Briban knocked him in the
ribs with his elbow.
Francis gave the rookie a
hard look, but realized it was his own fault for sopping the kid. He smiled and
felt real warmth inside for the kid. Looks a lot like me when I used to wear my
noggin like that. He continued his story.
“Everyone and his brother
gets real quiet. Moves out of the pit where Wolf is standing. You can’t see
Wolf’s hands or arms; they’re hidden in that big cloak. I asked Wally if he
thought Wolf had a weapon.
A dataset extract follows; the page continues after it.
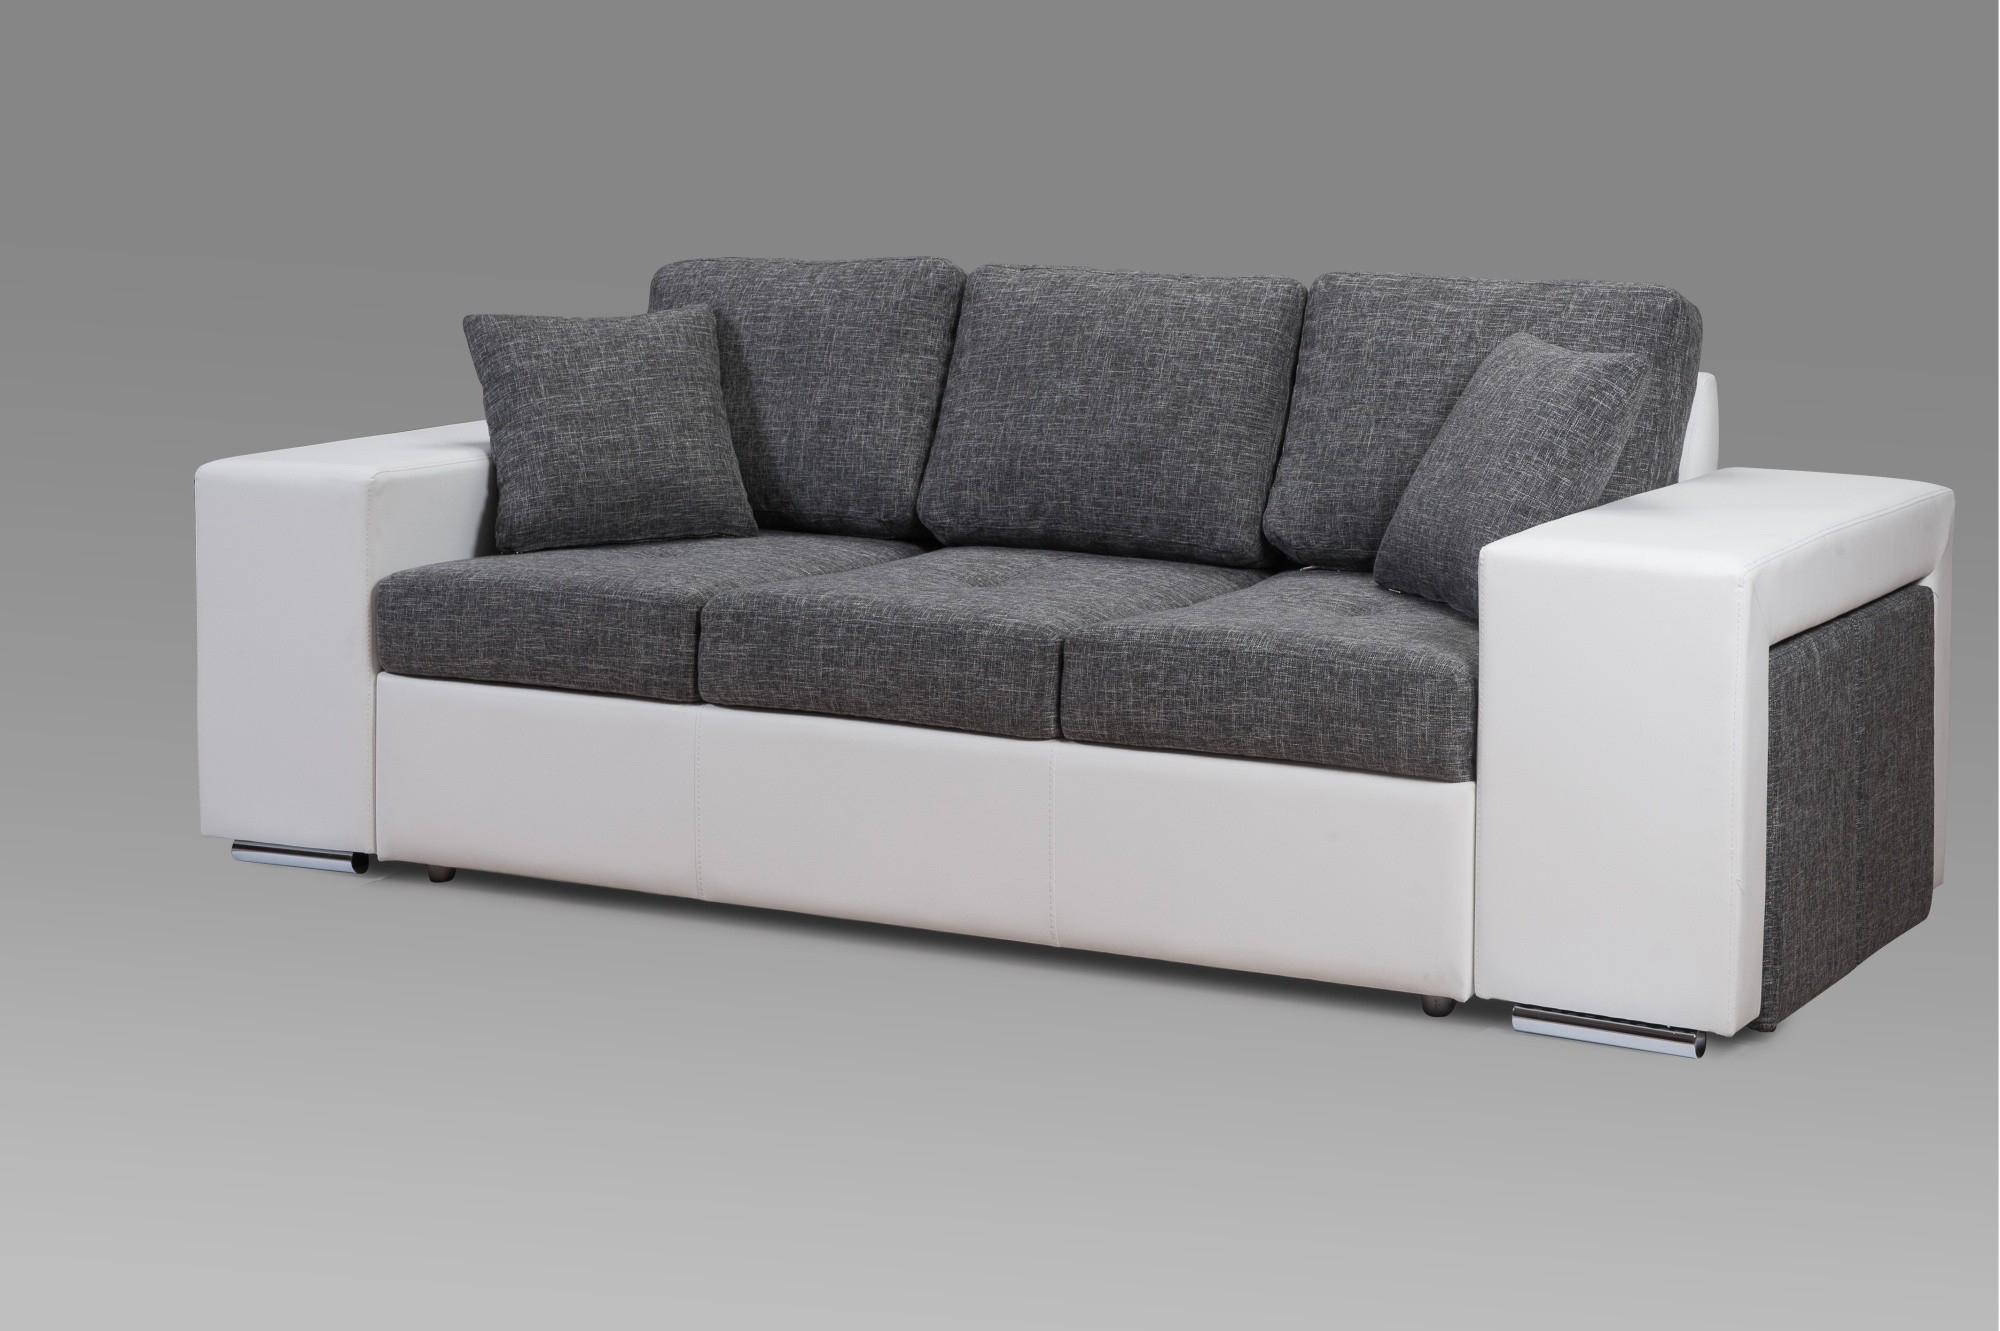 Canapé Convertible 3 Places Ikea Beau Images Adslev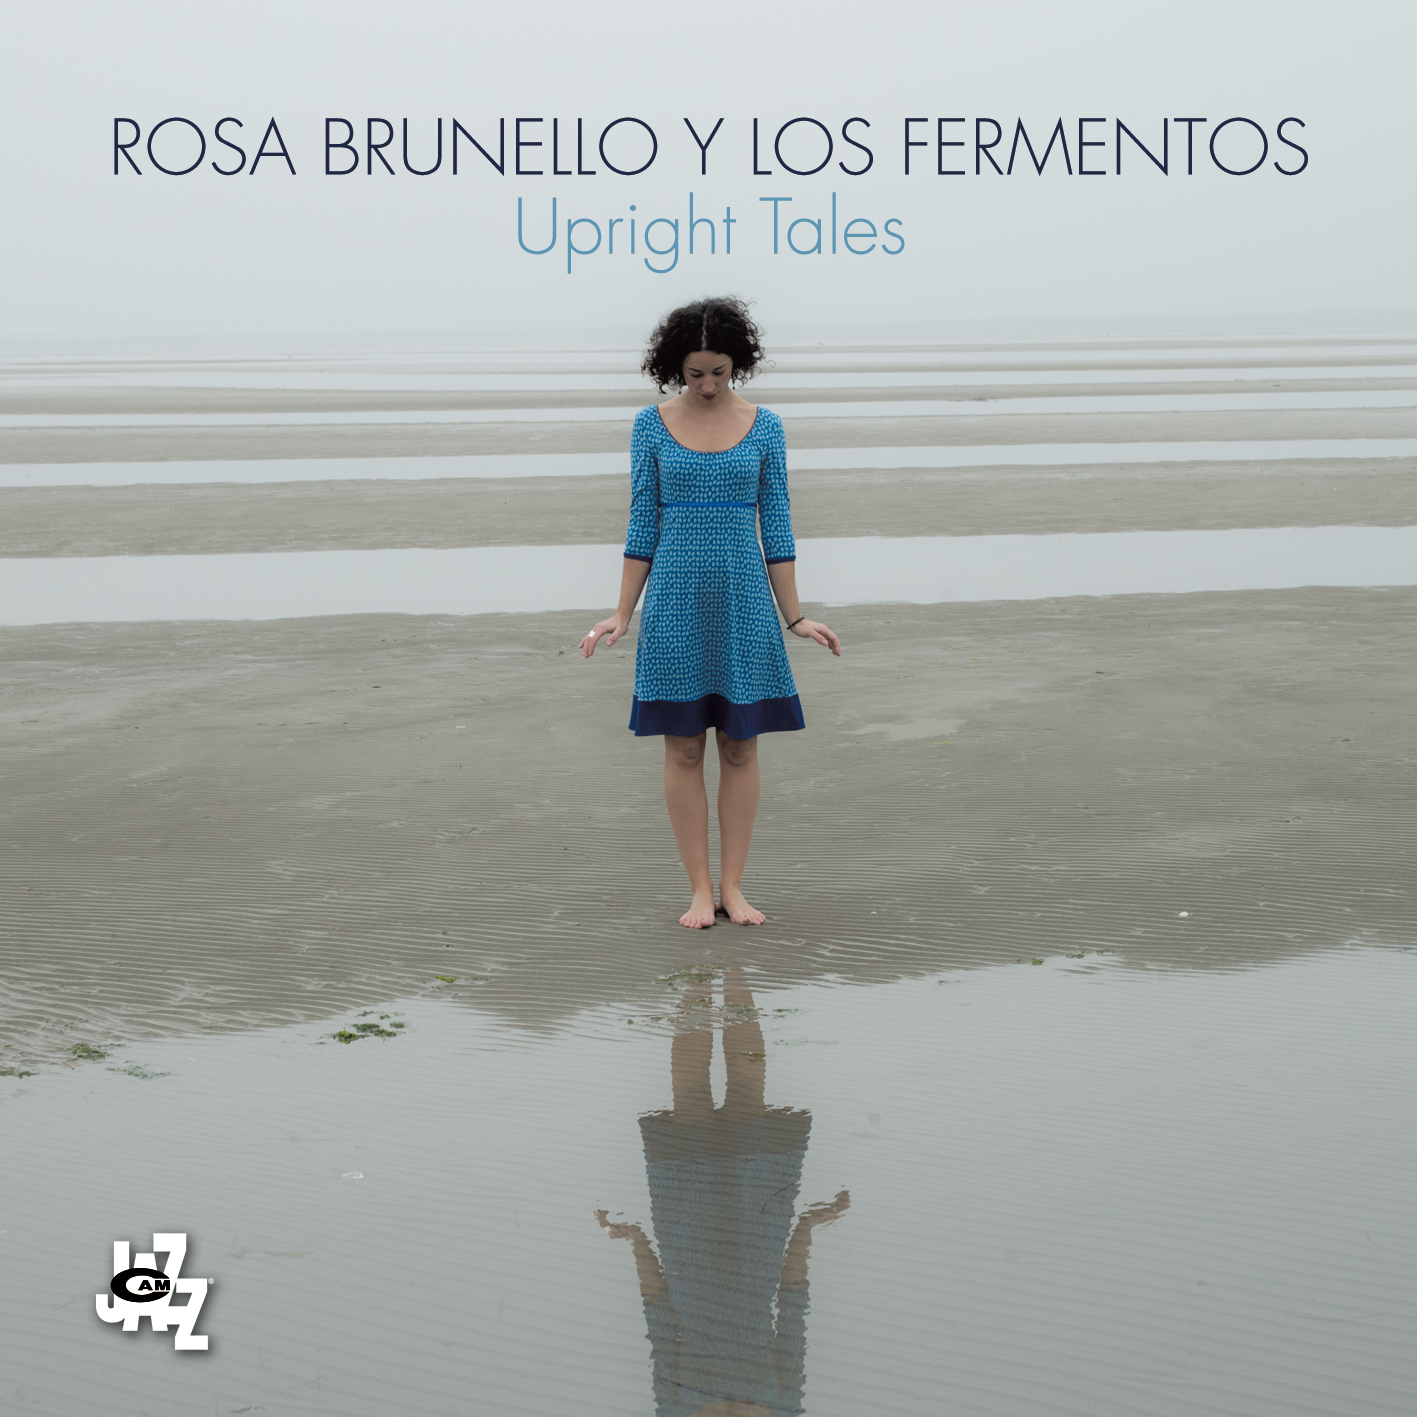 Rosa Brunello y Los Fermentos</br>Upright Tales</br>Cam Jazz, 2016

Wally shook his head a little bit, never looking
away from the pit.”
“That rhymes,” snorted the
rookie. “Bit — pit! Pit — bit! By my TIT!”
Francis laughed and shook the
kid by the neck with one of his meaty hands.
“Then through the smoke we
can see where Wolf is looking. At the back of the pit there’s a little table.
Behind the table is the big guy. And boy is he ugly! His head is as bald as
yours, Kewpie Doll, but it’s about as big as the three of your heads together.
But what’s really nasty is his shoulders! Unholy son of a bung. Seriously, he’d
have to turn sideways just to get through a normal kind’a door.”